Lorsque l’âme souhaite quelque chose, elle est immanquablement dans l’amour, dans la joie, dans la paix, dans la santé, dans la bienveillance, dans le partage, dans la beauté… dans toutes ces vibrations positives. L’âme ne désire pas de la même façon que l’égo : avant tout, elle souhaite toujours le bien de tout ce qui est vivant. Créer, c’est formuler un vœu précis à partir d’un cœur pur, puis laisser à Dieu ou à l’univers les détails de sa réalisation. Le lâcher-prise est alors nécessaire pour ce qui est du moment où notre désir se manifestera dans la réalité et de la manière dont il le fera. L’une des clés essentielles consiste à créer à partir du positif et non du manque, car les lois de l’univers sont objectives. Si l’on crée à partir du manque (je n’ai pas d’argent, de conjoint, de travail, etc.), c’est ce qu’elle va fidèlement nous livrer. Cela explique les « patterns » dans lesquels nous nous trouvons parfois emprisonnés. Une seconde clé est l’importance de maintenir le niveau vibratoire de notre création afin de permettre sa réalisation. Il s’agit non seulement de garder espoir, mais de ressentir que tout est déjà en train de s’accomplir dans l’invisible. C’est comme si on lançait un boomerang du haut d’un édifice : il importe de rester sur le toit pour l’attraper lorsqu’il reviendra vers nous.

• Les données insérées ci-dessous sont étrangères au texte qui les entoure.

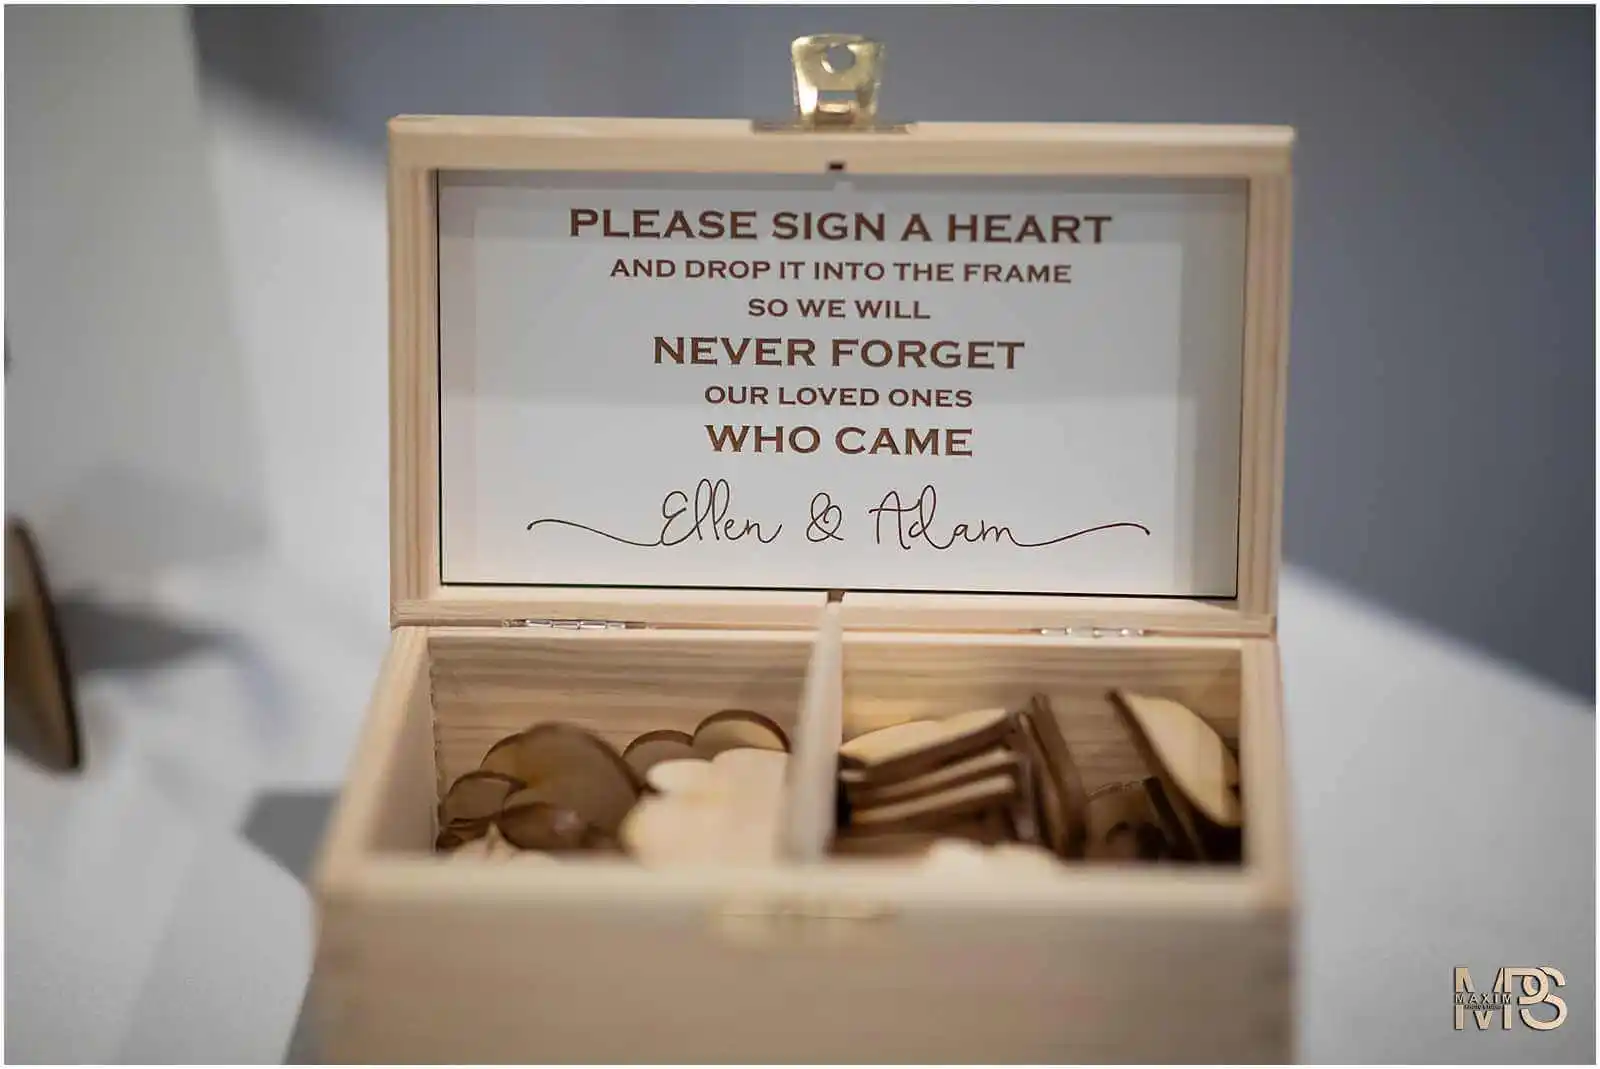 Wooden heart guestbook box for wedding with sign instructions Marriott Rivercenter Covington KY.

À chaque instant, notre désir de créer à partir de l’amour plutôt qu’à partir de la peur détermine ce qui se manifestera dans notre vie. En devenant en parfaite harmonie avec la vie divine qui nous habite, nous trouvons notre plein pouvoir divin de créateurs. Et en cessant d’aller à contre-courant, en suivant plutôt le flot de la rivière de notre existence, nous découvrons que l’univers nous donne au fur et à mesure tout ce dont nous avons besoin. Notre vie est véritablement une œuvre d’art en constante création.